Predicting "charge outliers" after spinal cord injury: a multicenter analysis of demographics, injury characteristics, outcomes, and rehabilitation charges.

Autor: Burnett DM; Department of Physical Medicine and Rehabilitation, Medical College of Virginia/Virginia Commonwealth University, Richmond, VA, USA. dmburnet@hsc.vcu.edu, Cifu DX, Kolakowsky-Hayner S, Kreutzer JS
Jazyk: angličtina
Zdroj: Archives of physical medicine and rehabilitation [Arch Phys Med Rehabil] 2001 Jan; Vol. 82 (1), pp. 114-9.
DOI: 10.1053/apmr.2001.18042
Abstrakt: Objective: To describe the distribution of charges, to distinguish between "charge outliers" and nonoutliers, and to identify a model that uses demographics and injury characteristics to predict charge outlier status in individuals with spinal cord injury (SCI).

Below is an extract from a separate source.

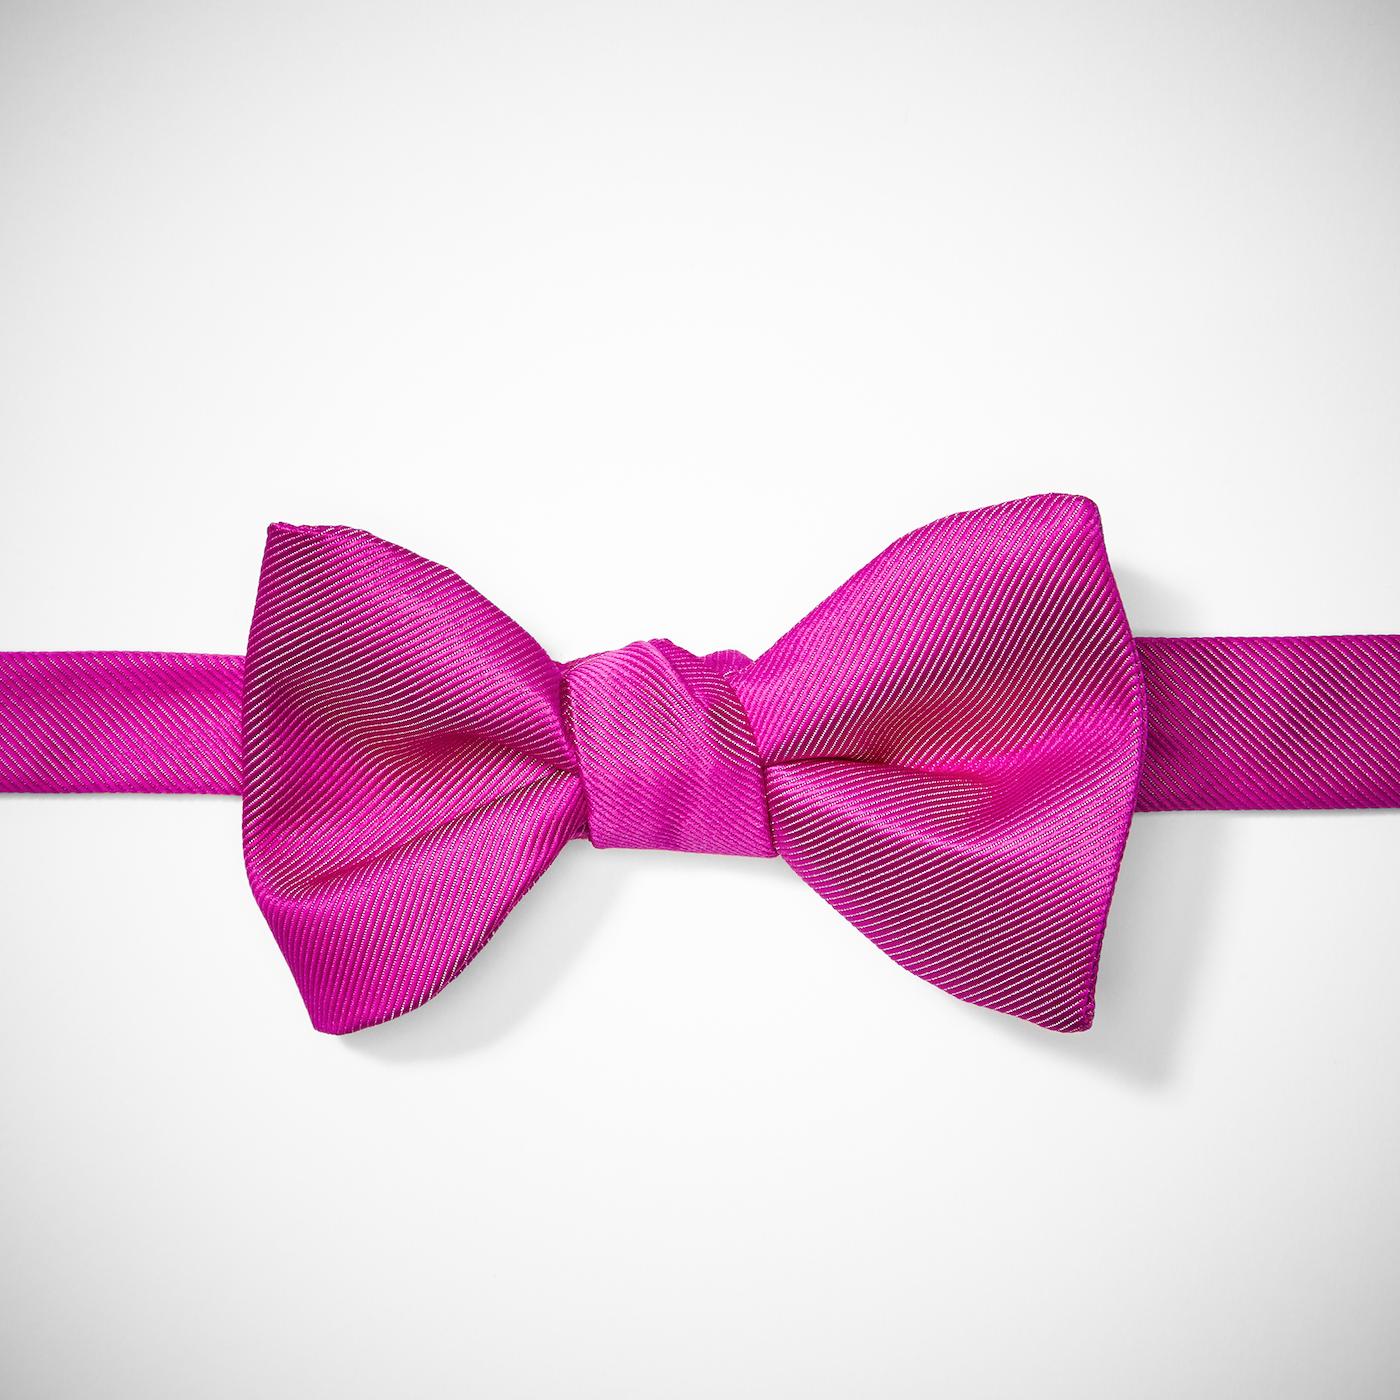 Bright Pink Pre-Tied Bow Tie

Design: Retrospective data analysis of patients admitted to 24 acute inpatient rehabilitation national Spinal Cord Injury Model Systems centers. Statistical analysis, including proportions, means, and standard deviations (SDs), were compiled for the following variables: demographic and injury information, rehabilitation charges, medical complications, associated injuries, and surgical procedures.
Setting: Tertiary, university medical centers participating in the National Institute on Disability and Rehabilitation Research's SCI Model Systems project.
Participants: A total of 13,392 patients who were admitted to 24 acute, intensive, interdisciplinary rehabilitation settings after traumatic SCI between November 1972 and August 1996.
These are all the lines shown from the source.